I was thinking betta fish should have their own song... I post a verse and the next person can add another verse and so on.

Oooh betta fish you are so kind,
Swimming excitedly when I come home,
Not flaring at all when I look at you.


----------



## lelei (Apr 30, 2012)

I love that dance yu do..when I come in to feed yu..yu make me smile I am so glad I chose yu


----------



## bettalover2033 (Feb 17, 2010)

Interesting, but wondering what do you plan to be the beat or "melody" to go with this?


----------



## dbooknook (May 12, 2012)

Hmm...I suggest "Forever Young" as a tune.


----------



## bettalover2033 (Feb 17, 2010)

It should work....good luck guys!


----------



## dbooknook (May 12, 2012)

Oh betta fish, how much I love you,
Betta fish,
You are so cute, so cuuuute, so cuu-uu-te(repeats another time)


----------



## lelei (Apr 30, 2012)

_I was actually thinking last night, that if we could get a 12 month calendar put together, that would be so cool, and we could all put in pix of our betta's and lil tips and tricks, and really put it out there, not sure where to start on this tho..also maybe in general Betta Merchandise, i.e.
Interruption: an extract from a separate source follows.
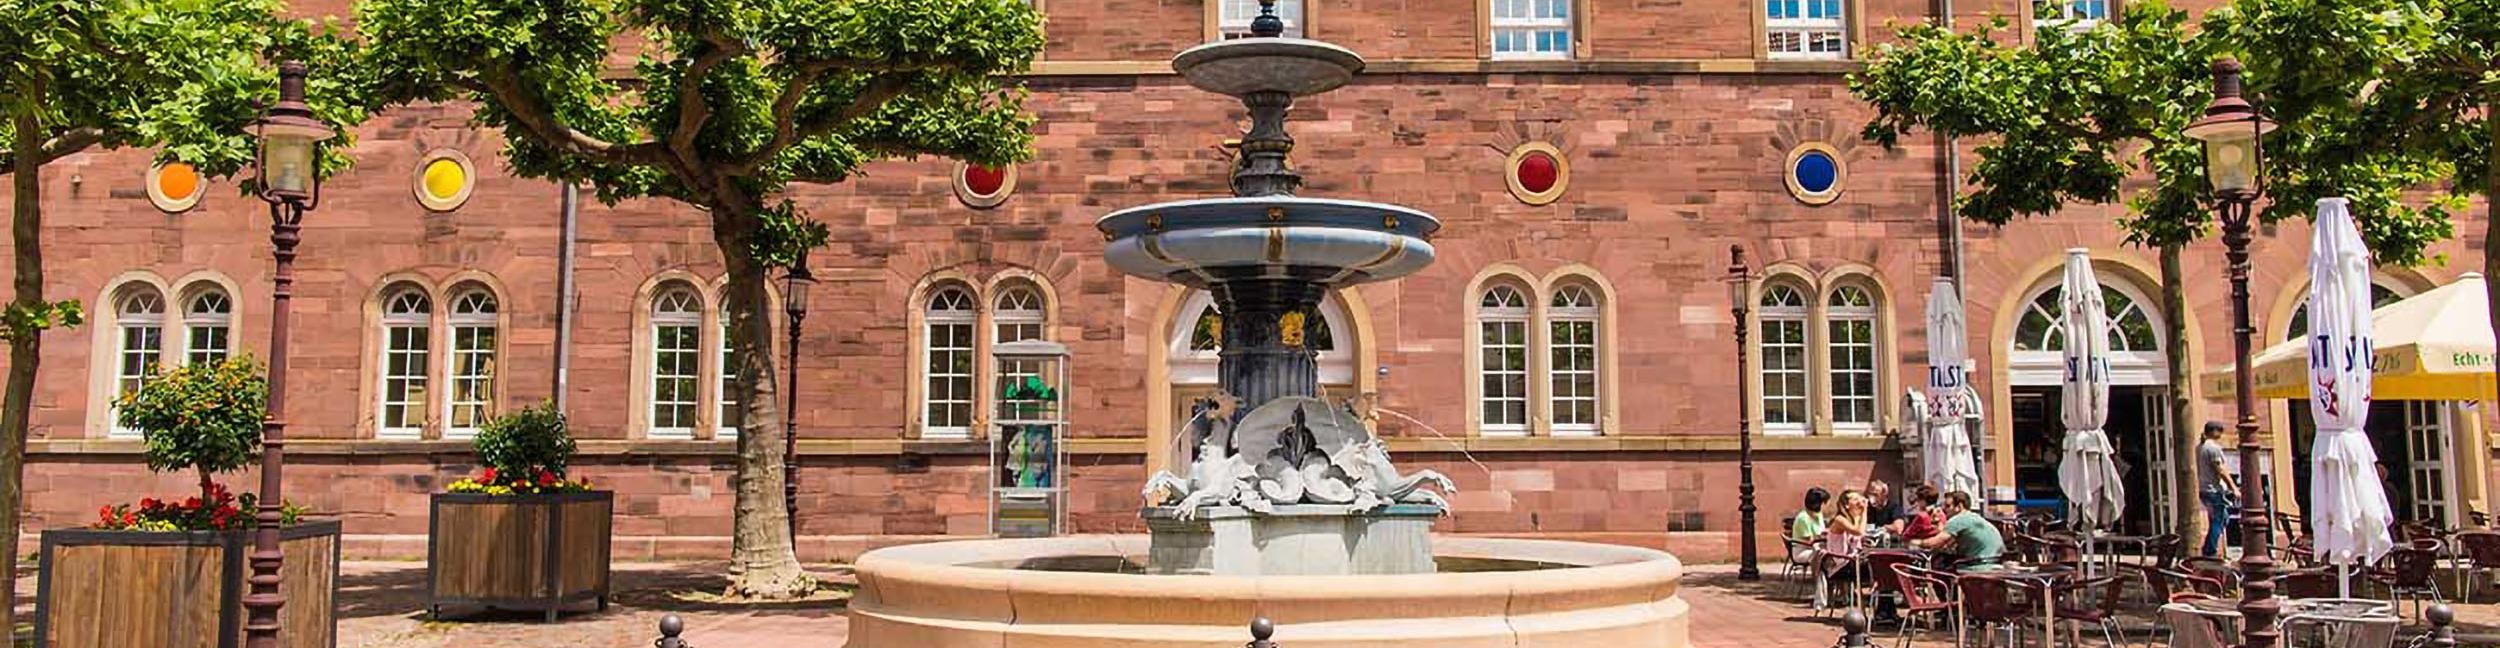 Pfeiffer Fountain in Rastatt

Mouse pads, coffee mugs, or postcards, keychains, and the like..I have seen all kinds of things like that with Dolphins, and other animals, but hey why not Betta's _

_The list could be endless, Shower curtains, and a whole bathroom, or bedroom theme, Bedding..wow..I would love it..and especially things like Betta statues, that would light up, with Crown tails, or Half Moons, or Veil Tails..You know how many people would buy this stuff??? I would if someone sold it.._

_I was looking on line for it..and right now there is a few things, but not much..So does anyone have a way to get connections to someone who might be interested in starting this??_


----------



## Wolfie305 (Jan 31, 2012)

I'm a graphic designer :3 

We could always use Cafepress or Zazzle unless you want something different.


----------



## lelei (Apr 30, 2012)

Wow..I am not familiar with any of them, so I will let you choose. What would be the best item to work on,..and let me know how I can help..(since where I don't know much on Graphic Design) was always fascinated by it though


----------



## BettaJen (Jun 7, 2012)

Life is 'betta with you. 
Oh, my Betta. 
"Dreamin' 'bout my bundle of joy."
Lovin Spoonful- Daydream. 
Haha!


----------